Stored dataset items
————

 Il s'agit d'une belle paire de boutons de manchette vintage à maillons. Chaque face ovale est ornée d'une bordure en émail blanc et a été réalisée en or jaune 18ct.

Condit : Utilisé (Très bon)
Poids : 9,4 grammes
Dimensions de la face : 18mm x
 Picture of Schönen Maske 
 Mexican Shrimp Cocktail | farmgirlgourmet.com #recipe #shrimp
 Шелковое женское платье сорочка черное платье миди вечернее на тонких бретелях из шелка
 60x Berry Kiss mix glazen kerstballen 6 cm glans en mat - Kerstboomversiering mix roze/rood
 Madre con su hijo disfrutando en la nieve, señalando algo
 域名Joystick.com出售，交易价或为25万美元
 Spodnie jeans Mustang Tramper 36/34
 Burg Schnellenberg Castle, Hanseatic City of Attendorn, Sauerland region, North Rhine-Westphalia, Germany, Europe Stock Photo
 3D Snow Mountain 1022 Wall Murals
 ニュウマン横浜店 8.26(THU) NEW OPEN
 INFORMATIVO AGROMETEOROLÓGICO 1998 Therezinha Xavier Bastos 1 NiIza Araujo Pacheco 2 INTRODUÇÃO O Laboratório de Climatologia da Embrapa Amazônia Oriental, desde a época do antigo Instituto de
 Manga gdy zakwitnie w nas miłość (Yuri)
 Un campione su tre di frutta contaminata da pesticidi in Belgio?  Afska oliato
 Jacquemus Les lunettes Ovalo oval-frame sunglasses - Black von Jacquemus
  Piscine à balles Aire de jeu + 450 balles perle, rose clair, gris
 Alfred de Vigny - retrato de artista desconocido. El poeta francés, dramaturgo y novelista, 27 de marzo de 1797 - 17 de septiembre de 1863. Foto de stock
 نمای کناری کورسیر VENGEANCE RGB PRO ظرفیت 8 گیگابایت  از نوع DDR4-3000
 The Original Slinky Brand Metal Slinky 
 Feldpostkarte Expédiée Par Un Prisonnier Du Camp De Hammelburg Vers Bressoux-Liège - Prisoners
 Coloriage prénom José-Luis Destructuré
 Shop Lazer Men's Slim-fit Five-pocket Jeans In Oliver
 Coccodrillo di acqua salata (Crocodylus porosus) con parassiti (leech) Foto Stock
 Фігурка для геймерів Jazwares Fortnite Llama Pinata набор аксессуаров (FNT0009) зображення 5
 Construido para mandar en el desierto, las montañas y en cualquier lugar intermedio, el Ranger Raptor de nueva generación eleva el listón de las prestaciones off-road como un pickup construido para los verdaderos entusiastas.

————

DIRECTIONS FOR THIS TASK: This exercise requires that all of the entries be repeated exactly.

FINISHED TASK:
 Il s'agit d'une belle paire de boutons de manchette vintage à maillons. Chaque face ovale est ornée d'une bordure en émail blanc et a été réalisée en or jaune 18ct.

Condit : Utilisé (Très bon)
Poids : 9,4 grammes
Dimensions de la face : 18mm x
 Picture of Schönen Maske 
 Mexican Shrimp Cocktail | farmgirlgourmet.com #recipe #shrimp
 Шелковое женское платье сорочка черное платье миди вечернее на тонких бретелях из шелка
 60x Berry Kiss mix glazen kerstballen 6 cm glans en mat - Kerstboomversiering mix roze/rood
 Madre con su hijo disfrutando en la nieve, señalando algo
 域名Joystick.com出售，交易价或为25万美元
 Spodnie jeans Mustang Tramper 36/34
 Burg Schnellenberg Castle, Hanseatic City of Attendorn, Sauerland region, North Rhine-Westphalia, Germany, Europe Stock Photo
 3D Snow Mountain 1022 Wall Murals
 ニュウマン横浜店 8.26(THU) NEW OPEN
 INFORMATIVO AGROMETEOROLÓGICO 1998 Therezinha Xavier Bastos 1 NiIza Araujo Pacheco 2 INTRODUÇÃO O Laboratório de Climatologia da Embrapa Amazônia Oriental, desde a época do antigo Instituto de
 Manga gdy zakwitnie w nas miłość (Yuri)
 Un campione su tre di frutta contaminata da pesticidi in Belgio?  Afska oliato
 Jacquemus Les lunettes Ovalo oval-frame sunglasses - Black von Jacquemus
  Piscine à balles Aire de jeu + 450 balles perle, rose clair, gris
 Alfred de Vigny - retrato de artista desconocido. El poeta francés, dramaturgo y novelista, 27 de marzo de 1797 - 17 de septiembre de 1863. Foto de stock
 نمای کناری کورسیر VENGEANCE RGB PRO ظرفیت 8 گیگابایت  از نوع DDR4-3000
 The Original Slinky Brand Metal Slinky 
 Feldpostkarte Expédiée Par Un Prisonnier Du Camp De Hammelburg Vers Bressoux-Liège - Prisoners
 Coloriage prénom José-Luis Destructuré
 Shop Lazer Men's Slim-fit Five-pocket Jeans In Oliver
 Coccodrillo di acqua salata (Crocodylus porosus) con parassiti (leech) Foto Stock
 Фігурка для геймерів Jazwares Fortnite Llama Pinata набор аксессуаров (FNT0009) зображення 5
 Construido para mandar en el desierto, las montañas y en cualquier lugar intermedio, el Ranger Raptor de nueva generación eleva el listón de las prestaciones off-road como un pickup construido para los verdaderos entusiastas.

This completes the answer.